Furthermore, the two economies interact only at the margins. While bilateral trade has grown fast, India accounts for only 1.3 per cent of China's exports. Almost 8 per cent of India's exports go to China. But, to the former's chagrin, most are low-value commodities, while trade in the opposite direction is dominated by manufactured goods. Two-way investment remains a trickle and each side complains of the difficulty of operating in the other's market. By most measures, China today is more deeply integrated economically with the US than with India.

Those disconnections make it fanciful to suppose that the nascent dialogue between China and India will lead to rapid breakthroughs in economic co-operation. More likely, their governments' primary aim is damage limitation. Both want to prevent old rivalries, quarrels and mistrust interfering with their race to development. But they will continue to take distinctive routes to that end.

The question then becomes which route will prove more effective. Near-term, the main risk in China is that failure to deal with the root causes of wasteful over-investment will turn boom into bust. In India, it is that failure to modernise the country's creaking infrastructure will choke off growth.

On the downside, a global economic downturn would hurt both. India, less dependent on exports, might appear better placed to weather the storm.

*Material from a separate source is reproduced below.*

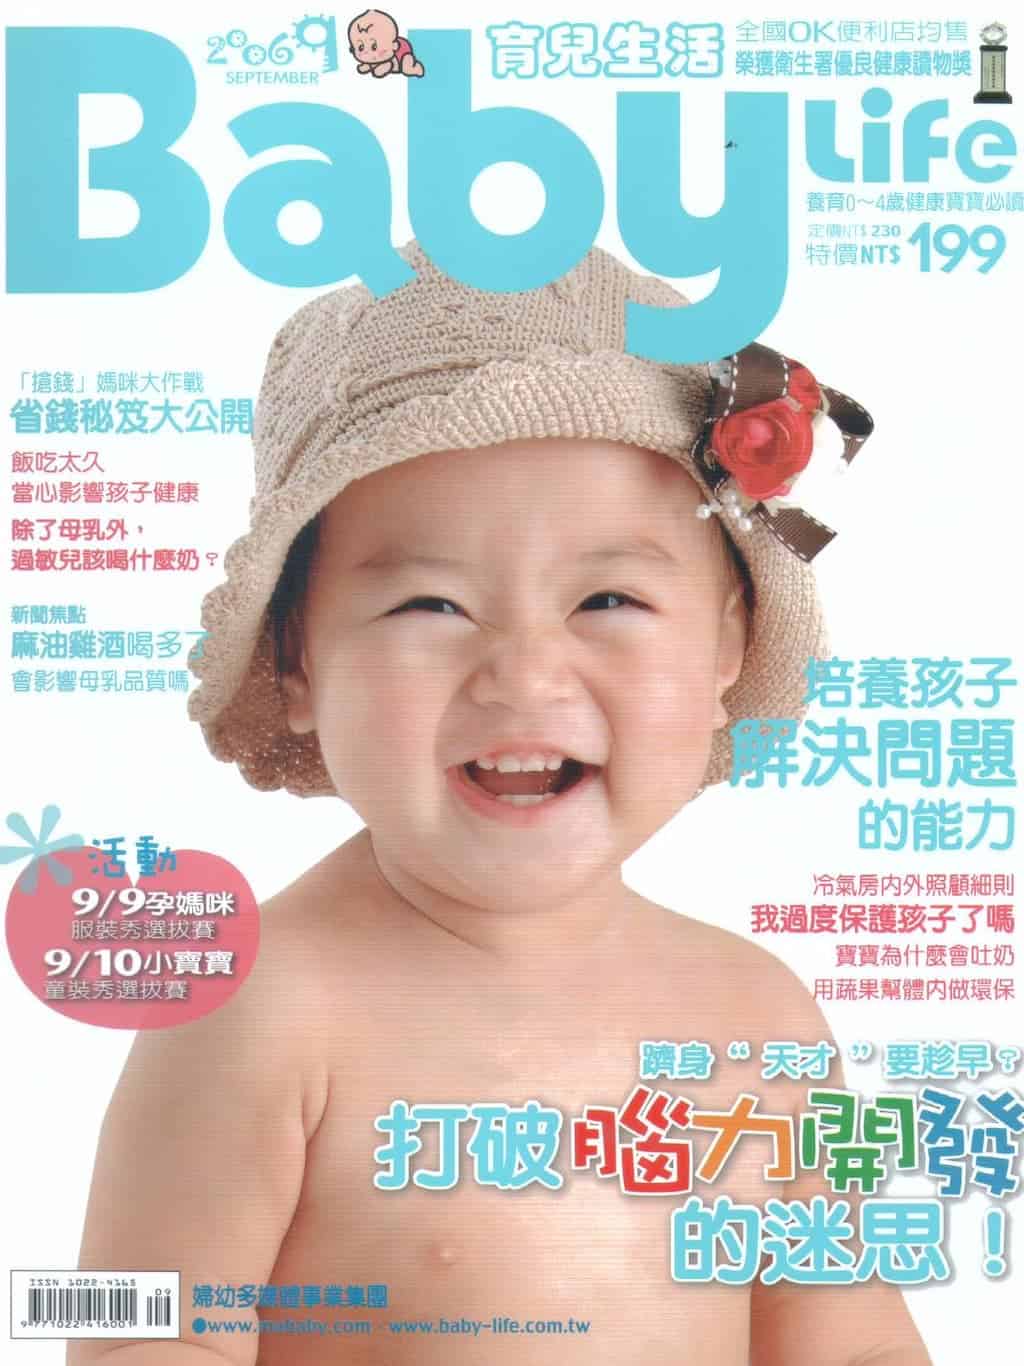 牙齒美白重展迷人笑容Baby-life雜誌-柏登牙醫牙齒美白秘笈-1

But its reliance on short-term capital inflows from abroad to finance growth could make it vulnerable if global investors deserted emerging markets.

Tight exchange controls insulate China from international financial turbulence. Weaker exports would hit many of its low-margin producers. But the country can call on substantial financial resources to mitigate the impact of external shocks.

Further ahead, the biggest uncertainties in both countries are political. Unless India's politicians bite the bullet on reform, open up to foreign direct investment and start tackling structural obstacles to growth, the economy will perform below potential and its momentum may fade.

The most pressing longer-term question facing China is whether its authoritarian regime can manage the challenges created by the rapid growth on which its tenuous legitimacy depends; or whether dealing with growing inequality, corruption, popular unrest and, possibly, stronger demands for political enfranchisement will stretch the system to breaking point.

Indian democracy, for all its flaws, has long been renowned for its resilience. But it grew up in an era of rigid social structures, in which everyone was resigned to his or her place in the hierarchy. Faster growth is challenging the old order. While giving hope to many, it is also sharpening the disparities between an affluent urban elite and vast numbers of rural poor eager for a better life.

Meeting those aspirations and maintaining social stability poses a huge test for the country's political system. In that respect, at least, China and India have something in common.

最后编辑2006-12-06 09:15:47.670000000


作者:英国《金融时报》居伊•德•容凯尔(Guy de Jonquieres)
2006年12月5日 星期二
在旅游指南中,Chindia是罗马尼亚一处地名,15世纪时曾出过一位嗜血暴君“穿刺王弗拉德”(Vlad the Impaler),他喜欢看着那些受害者被处死,后来成为小说《吸血鬼德古拉伯爵》(Count Dracula)的创作灵感来源。不过,在当今的金融市场行话中,Chindia(China + India)代表着一块神奇的土地,人们想象中国和印度将在这里共同创造数不清的财富。